Detailed technical explanation
How to think about this question
Under the hood, Power BI enforces RLS at the query level by injecting DAX filter expressions into every query against the semantic model, limiting which rows a user can see. OLS, on the other hand, is enforced at the metadata level, effectively removing the table or column from the report field list and preventing any reference to it. A common real-world scenario is using RLS for department-level salary data and OLS to completely hide the salary table from unauthorized roles, requiring both policies to be configured separately.
KKey Concepts to Remember
Read the scenario before looking for a memorised answer.
Find the constraint that changes the correct option.
Eliminate answers that are true in general but not in this case.
TExam Day Tips
→Watch for words such as best, first, most likely and least administrative effort.
→Review why wrong options are wrong, not only why the correct option is correct.
Key takeaway
Answer the scenario, not the keyword: identify the specific constraint before choosing the most familiar-sounding option.
Real-world example
How this comes up in practice
A media company stores terabytes of video archives that are accessed once a year for audit purposes. Moving these objects to a cold storage tier (Azure Archive, S3 Glacier, or Google Nearline) costs a fraction of hot storage. Questions like this test whether you understand storage tiers, access frequency tradeoffs, and retrieval latency requirements.
What to study next
Got this wrong? Here's your next step.
Identify which exam domain this question belongs to, review the core concept, then practise similar questions from the same domain.
Model the data — This question tests Model the data — Read the scenario before looking for a memorised answer..
What is the correct answer to this question?
The correct answer is: The JSON policy is for row-level security (RLS), not object-level security (OLS). — Option C is correct because the JSON policy shown uses the `tables` array with `filter` expressions, which is the syntax for row-level security (RLS) policies in Power BI. RLS restricts data rows within a table but does not hide the table itself from the report view. Object-level security (OLS) requires a different policy structure using `excludedTables` or `setObjectLevelSecurity` in XMLA endpoints or Tabular Editor, not a JSON RLS policy. Therefore, the viewer can still see the EmployeeSalaries table because OLS has not been configured.

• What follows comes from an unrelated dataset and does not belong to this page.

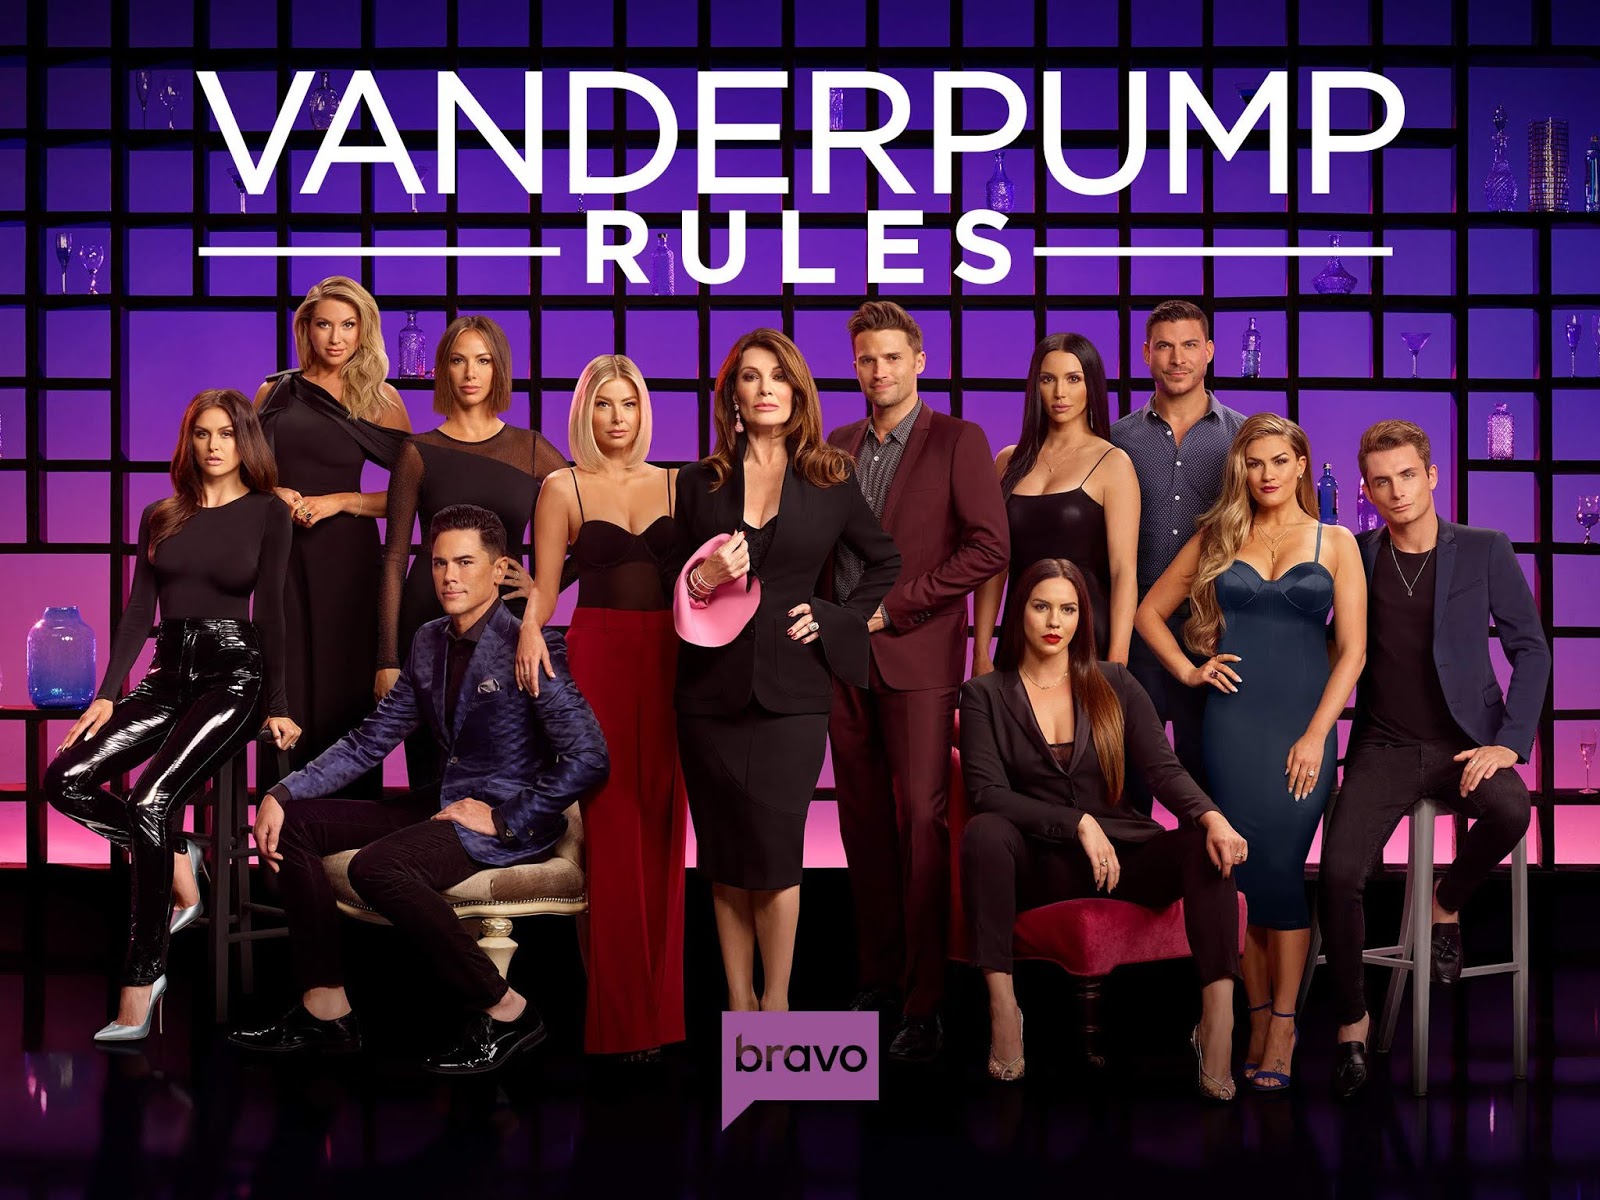 Vanderpump Rules Season 7 Reunion Seating Revealed!

What should I do if I get this PL-300 question wrong?
Identify which exam domain this question belongs to, review the core concept, then practise similar questions from the same domain.
Are there clue words in this question I should notice?
Yes — watch for: "most likely". Probability qualifier — the question wants the most probable cause or outcome, not a guaranteed one. Eliminate low-probability options.
What is the key concept behind this question?
Read the scenario before looking for a memorised answer.